Every record must be copied exactly, from first line to last.

--------

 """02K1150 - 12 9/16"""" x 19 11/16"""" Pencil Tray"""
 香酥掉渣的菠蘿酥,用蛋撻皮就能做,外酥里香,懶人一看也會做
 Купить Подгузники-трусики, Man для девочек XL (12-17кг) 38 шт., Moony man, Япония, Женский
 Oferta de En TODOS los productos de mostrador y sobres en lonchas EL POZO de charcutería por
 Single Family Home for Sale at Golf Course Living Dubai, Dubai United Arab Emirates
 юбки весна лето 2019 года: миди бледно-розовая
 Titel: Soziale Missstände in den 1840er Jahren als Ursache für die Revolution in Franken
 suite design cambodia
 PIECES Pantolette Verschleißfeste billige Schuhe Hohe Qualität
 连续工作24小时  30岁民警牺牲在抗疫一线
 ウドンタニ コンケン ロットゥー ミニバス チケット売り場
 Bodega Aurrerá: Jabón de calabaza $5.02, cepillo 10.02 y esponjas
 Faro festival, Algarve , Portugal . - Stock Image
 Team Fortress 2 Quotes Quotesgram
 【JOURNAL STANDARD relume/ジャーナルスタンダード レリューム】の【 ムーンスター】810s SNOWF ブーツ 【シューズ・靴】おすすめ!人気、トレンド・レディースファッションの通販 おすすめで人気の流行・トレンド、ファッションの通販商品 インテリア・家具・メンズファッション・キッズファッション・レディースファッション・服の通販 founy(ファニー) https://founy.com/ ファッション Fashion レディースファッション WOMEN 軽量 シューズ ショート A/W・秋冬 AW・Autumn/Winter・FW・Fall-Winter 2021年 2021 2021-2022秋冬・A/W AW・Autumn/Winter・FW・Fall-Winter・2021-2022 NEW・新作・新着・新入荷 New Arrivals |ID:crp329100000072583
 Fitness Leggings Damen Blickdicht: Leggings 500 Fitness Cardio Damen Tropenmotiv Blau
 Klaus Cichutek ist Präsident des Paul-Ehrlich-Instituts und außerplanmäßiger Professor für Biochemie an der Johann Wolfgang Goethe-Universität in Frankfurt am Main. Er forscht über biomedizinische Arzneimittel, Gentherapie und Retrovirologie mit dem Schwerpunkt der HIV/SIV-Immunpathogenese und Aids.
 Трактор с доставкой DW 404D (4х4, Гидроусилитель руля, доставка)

--------

● **Task response**
 """02K1150 - 12 9/16"""" x 19 11/16"""" Pencil Tray"""
 香酥掉渣的菠蘿酥,用蛋撻皮就能做,外酥里香,懶人一看也會做
 Купить Подгузники-трусики, Man для девочек XL (12-17кг) 38 шт., Moony man, Япония, Женский
 Oferta de En TODOS los productos de mostrador y sobres en lonchas EL POZO de charcutería por
 Single Family Home for Sale at Golf Course Living Dubai, Dubai United Arab Emirates
 юбки весна лето 2019 года: миди бледно-розовая
 Titel: Soziale Missstände in den 1840er Jahren als Ursache für die Revolution in Franken
 suite design cambodia
 PIECES Pantolette Verschleißfeste billige Schuhe Hohe Qualität
 连续工作24小时  30岁民警牺牲在抗疫一线
 ウドンタニ コンケン ロットゥー ミニバス チケット売り場
 Bodega Aurrerá: Jabón de calabaza $5.02, cepillo 10.02 y esponjas
 Faro festival, Algarve , Portugal . - Stock Image
 Team Fortress 2 Quotes Quotesgram
 【JOURNAL STANDARD relume/ジャーナルスタンダード レリューム】の【 ムーンスター】810s SNOWF ブーツ 【シューズ・靴】おすすめ!人気、トレンド・レディースファッションの通販 おすすめで人気の流行・トレンド、ファッションの通販商品 インテリア・家具・メンズファッション・キッズファッション・レディースファッション・服の通販 founy(ファニー) https://founy.com/ ファッション Fashion レディースファッション WOMEN 軽量 シューズ ショート A/W・秋冬 AW・Autumn/Winter・FW・Fall-Winter 2021年 2021 2021-2022秋冬・A/W AW・Autumn/Winter・FW・Fall-Winter・2021-2022 NEW・新作・新着・新入荷 New Arrivals |ID:crp329100000072583
 Fitness Leggings Damen Blickdicht: Leggings 500 Fitness Cardio Damen Tropenmotiv Blau
 Klaus Cichutek ist Präsident des Paul-Ehrlich-Instituts und außerplanmäßiger Professor für Biochemie an der Johann Wolfgang Goethe-Universität in Frankfurt am Main. Er forscht über biomedizinische Arzneimittel, Gentherapie und Retrovirologie mit dem Schwerpunkt der HIV/SIV-Immunpathogenese und Aids.
 Трактор с доставкой DW 404D (4х4, Гидроусилитель руля, доставка)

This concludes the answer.